SUPPLIED MATERIAL Block Start
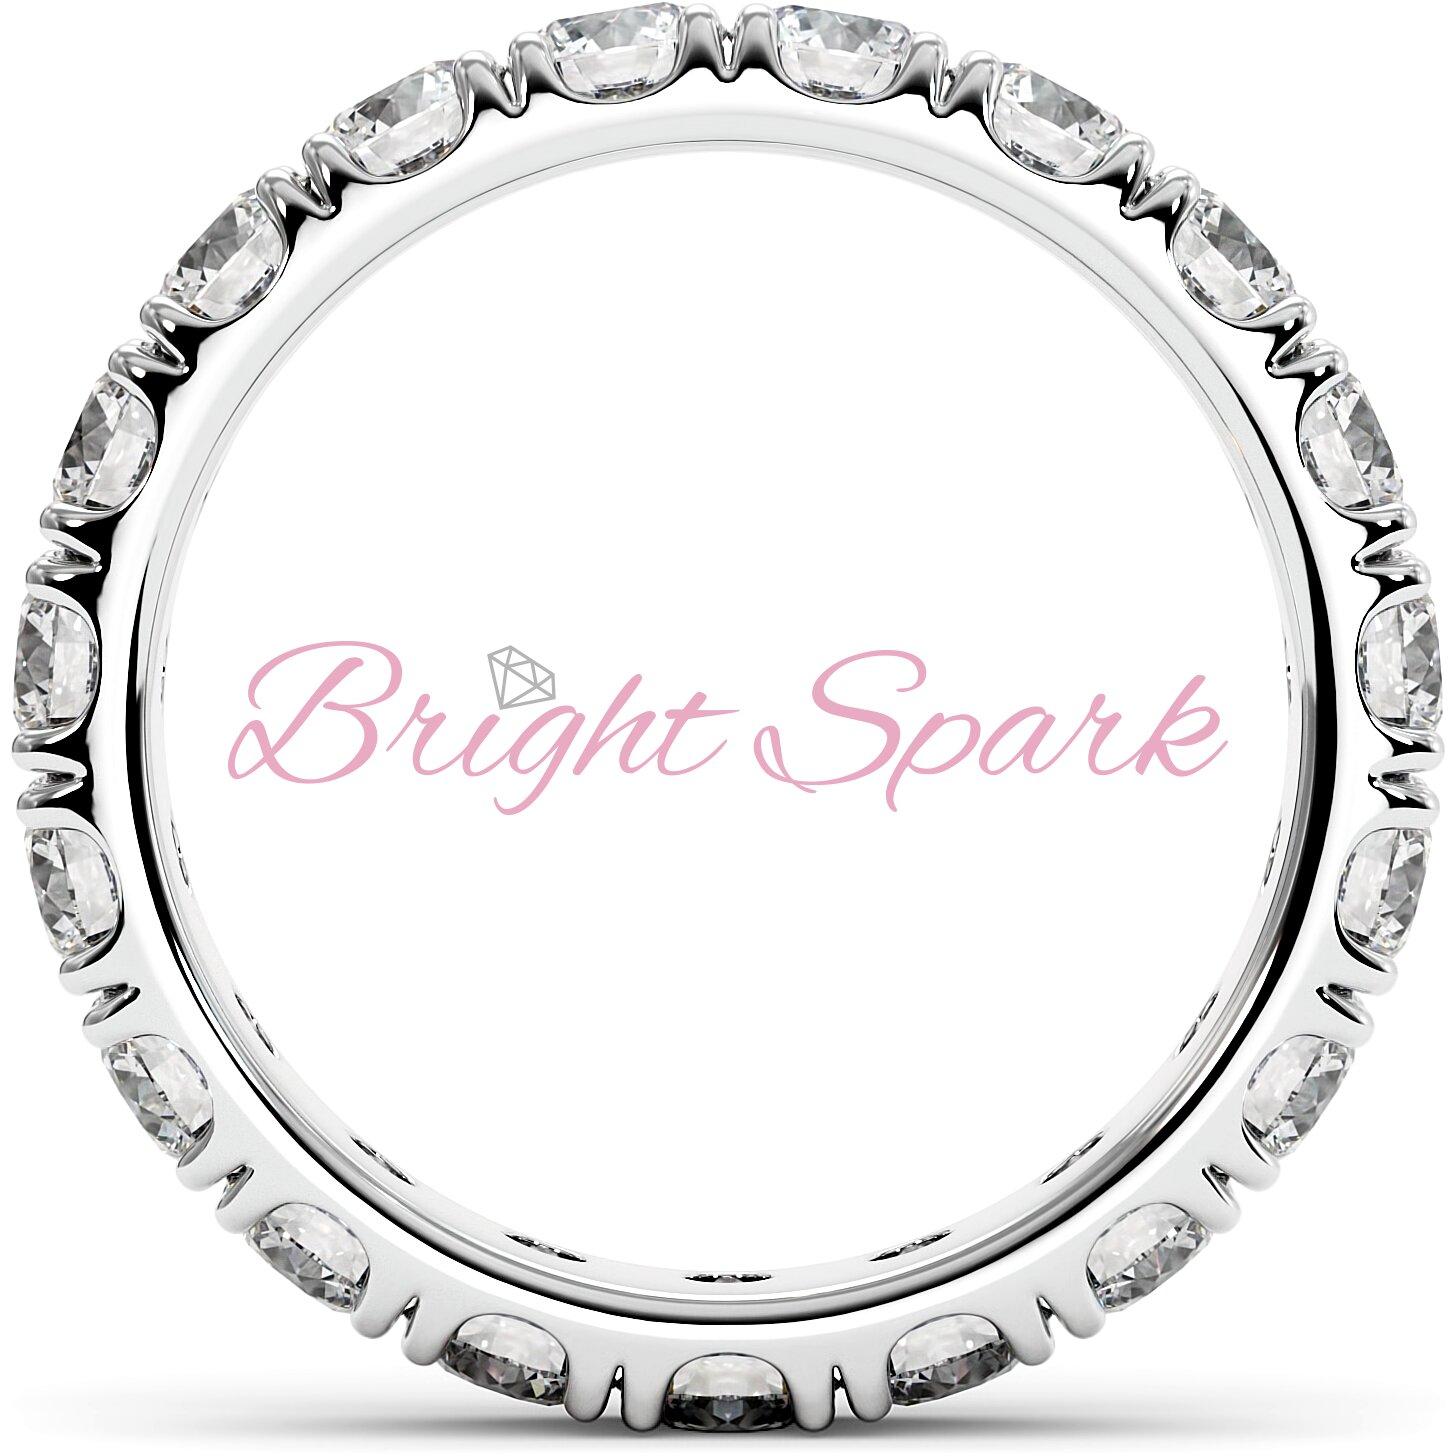 Изящное кольцо белого золота с камнями по кругу
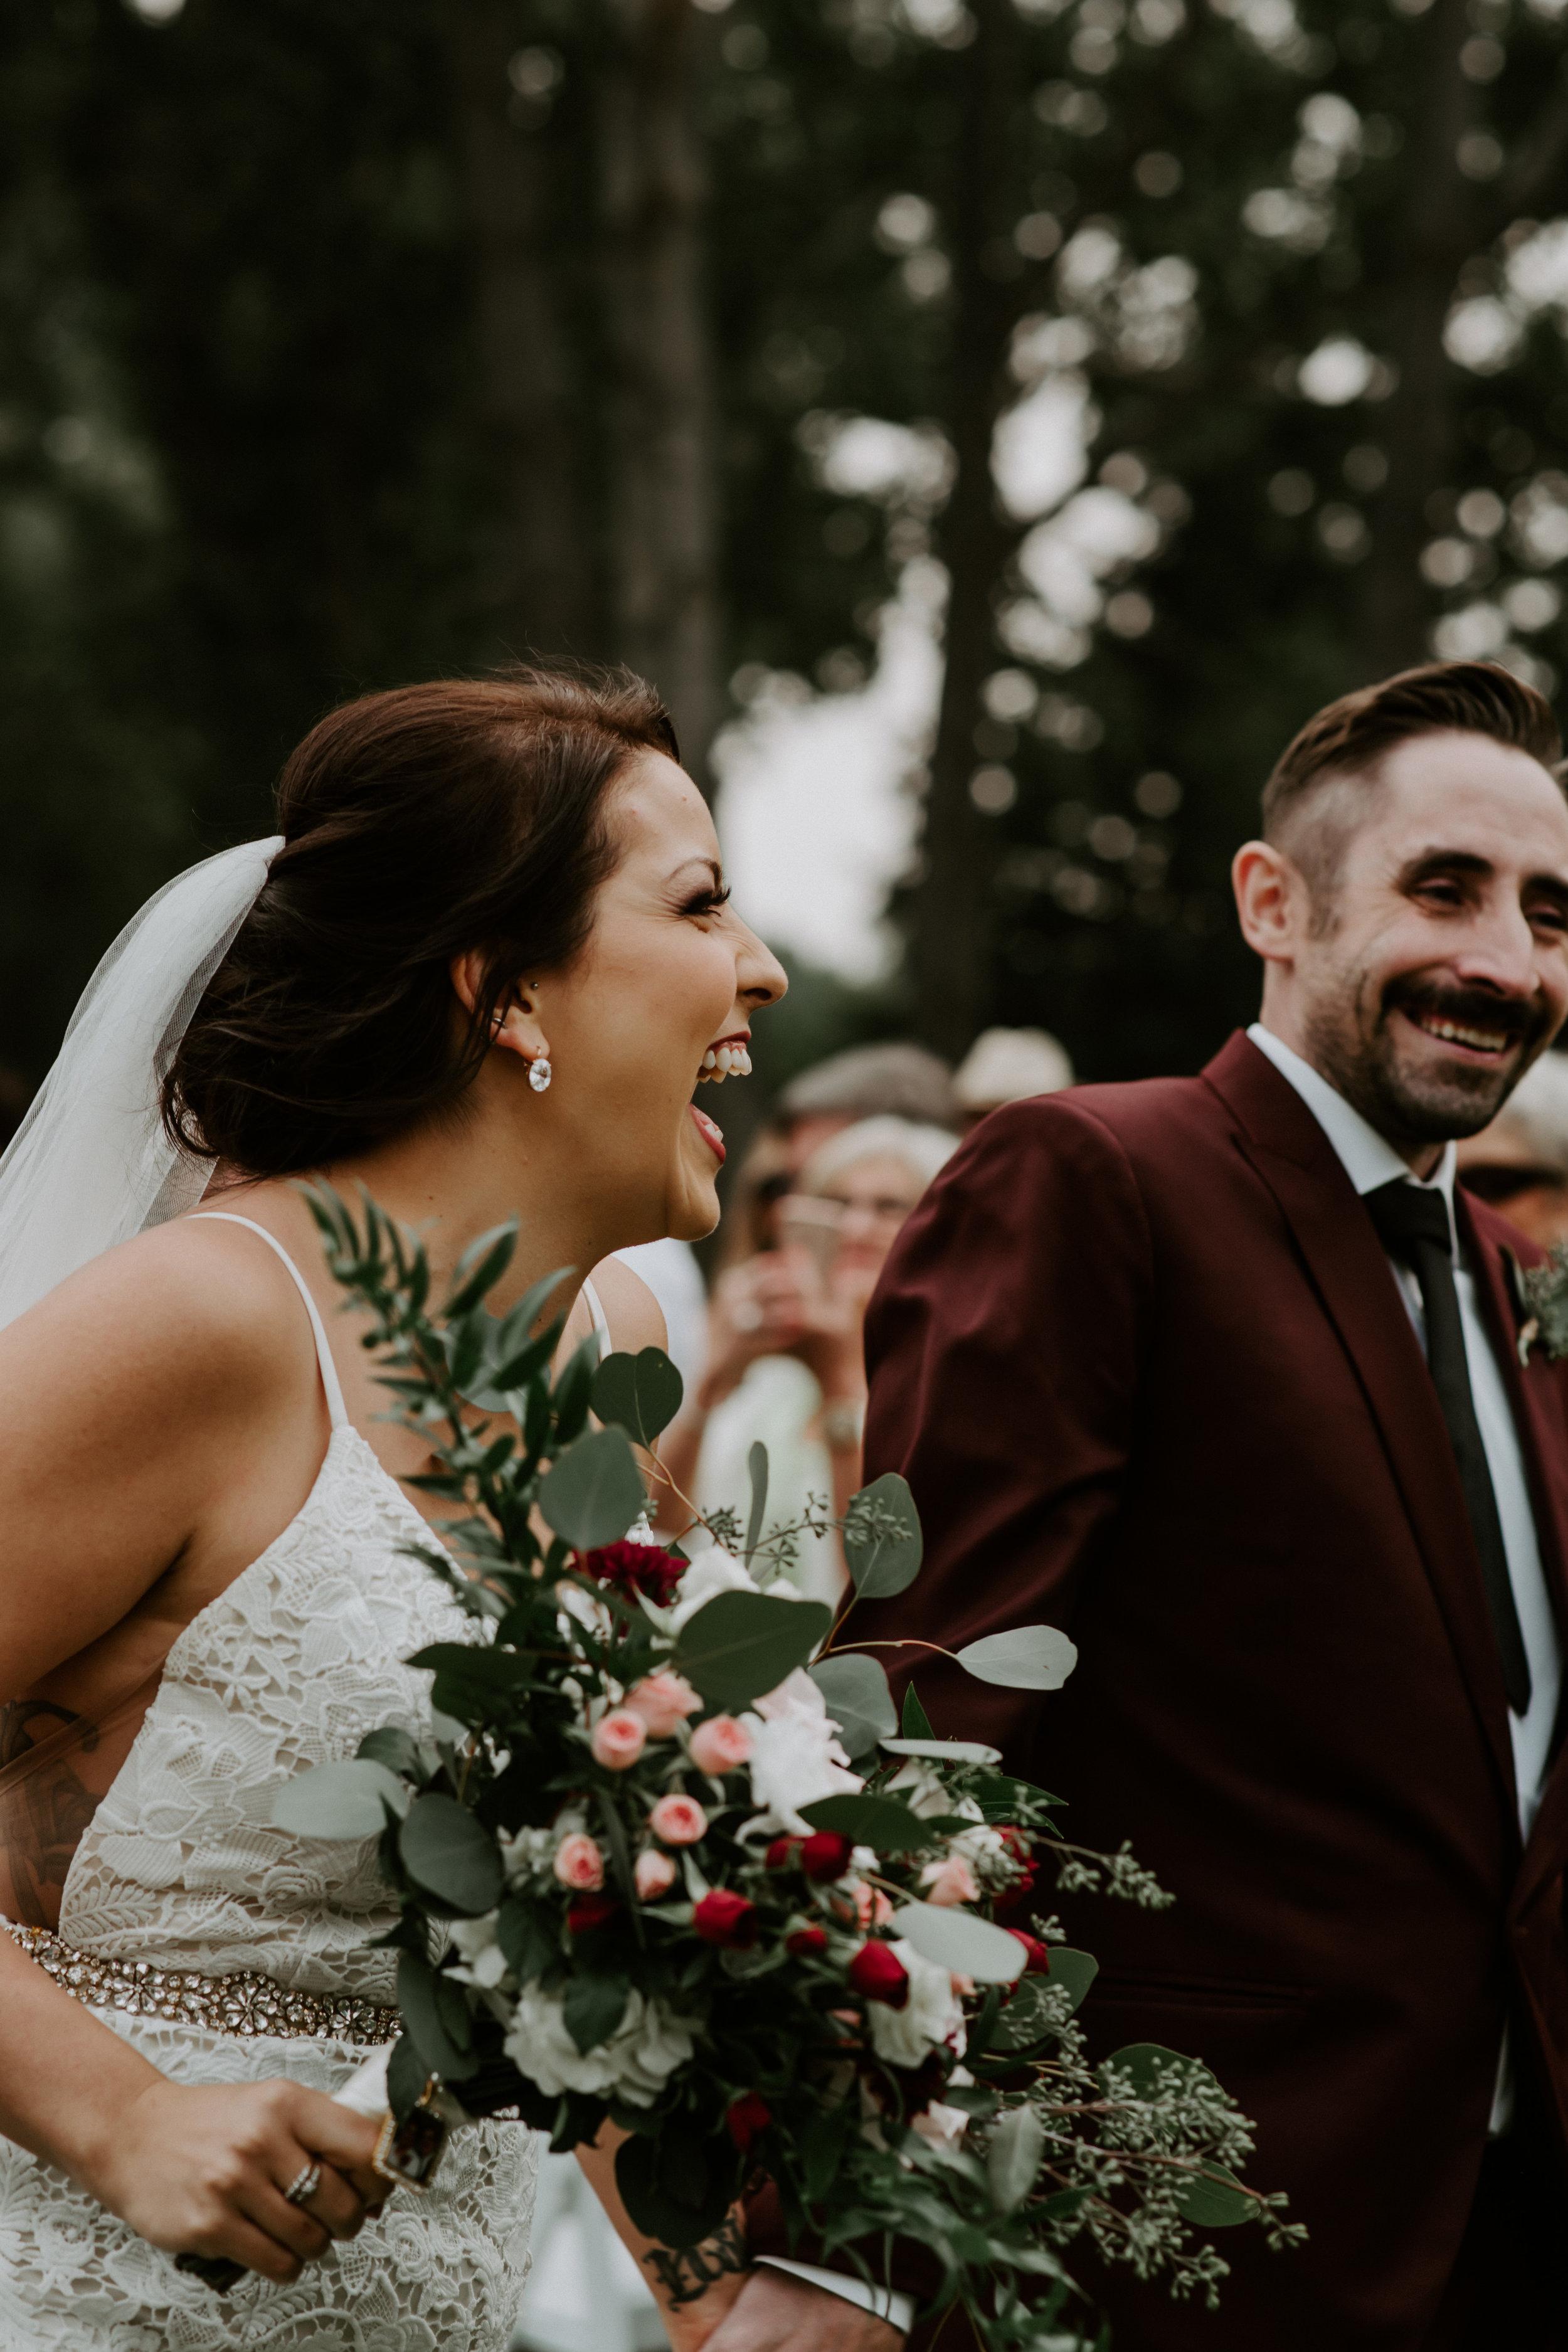 Calgary Wedding Photographer - 36 of 84.jpg
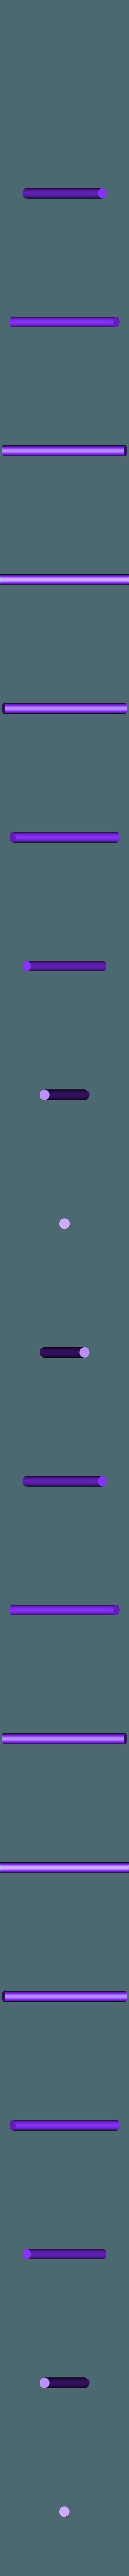 axle_3_5.STL Télécharger fichier STL gratuit MEGA Expansion 200+ Pièces • Plan à imprimer en 3D, Pwentey
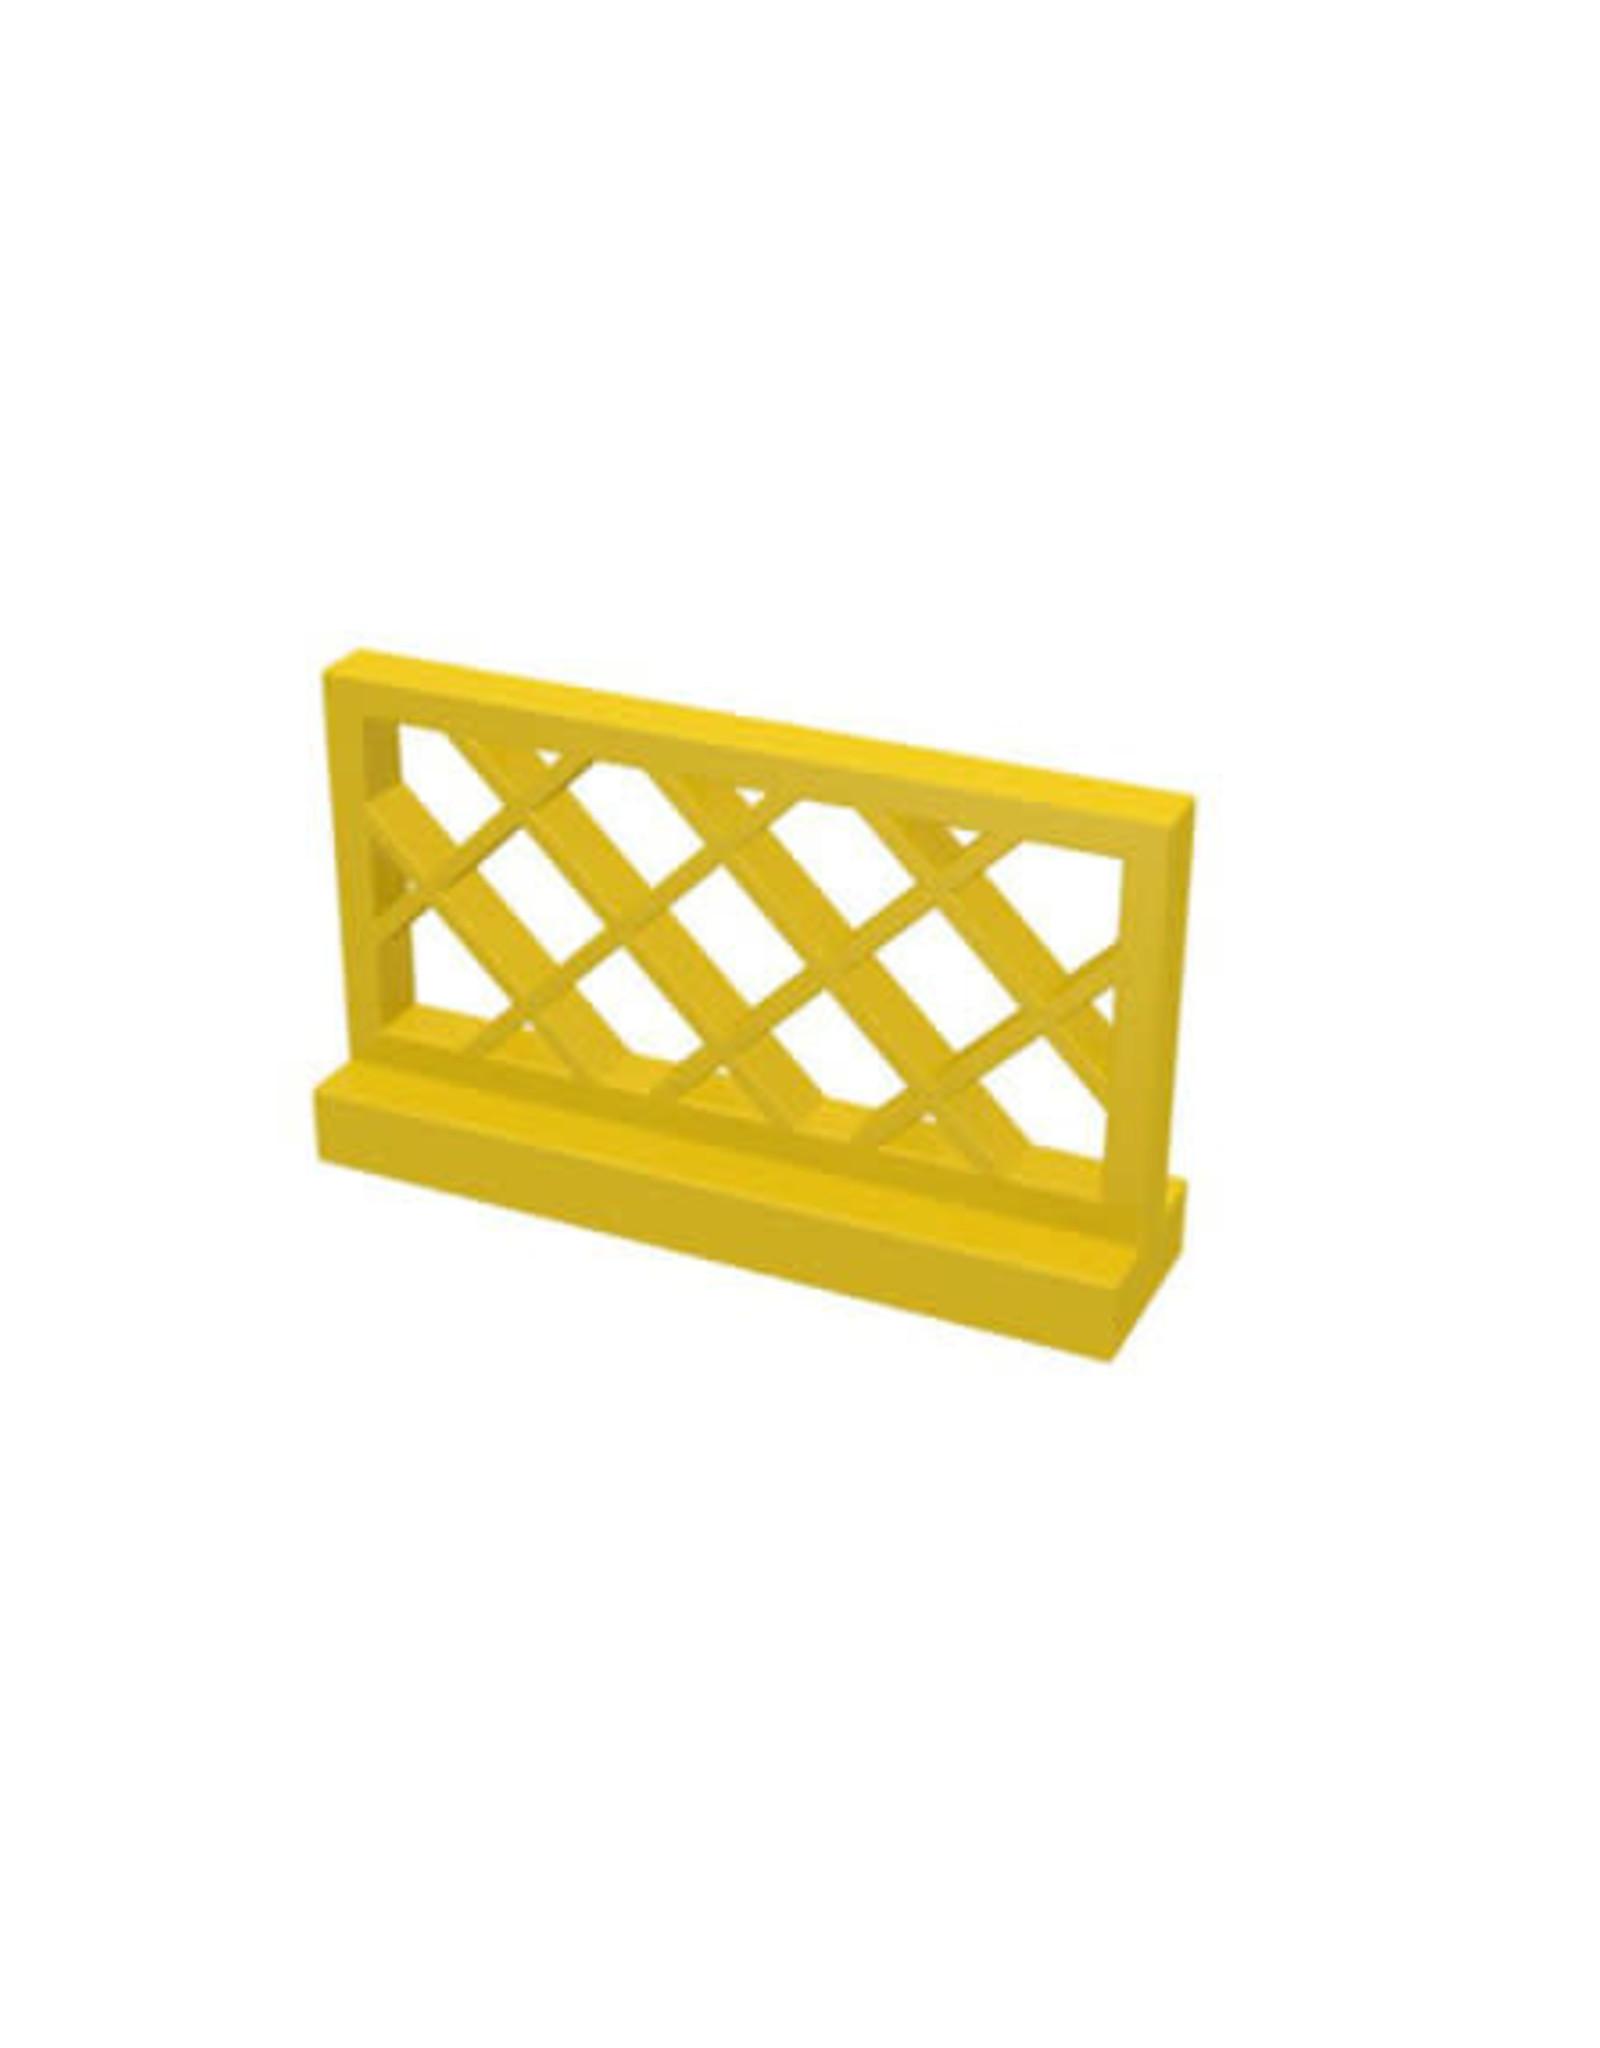 LEGO LEGO Hekjes 1 x 4 x 2 hoog
SUPPLIED MATERIAL Block End
◆ THE PROBLEM
Here the lines from the one containing "Calgary Wedding Photographer - 36 of 84.jpg" through the end of the material are to be copied exactly, with the pictures omitted.

◆ TASK SOLUTION
 Calgary Wedding Photographer - 36 of 84.jpg
 axle_3_5.STL Télécharger fichier STL gratuit MEGA Expansion 200+ Pièces • Plan à imprimer en 3D, Pwentey
 LEGO LEGO Hekjes 1 x 4 x 2 hoog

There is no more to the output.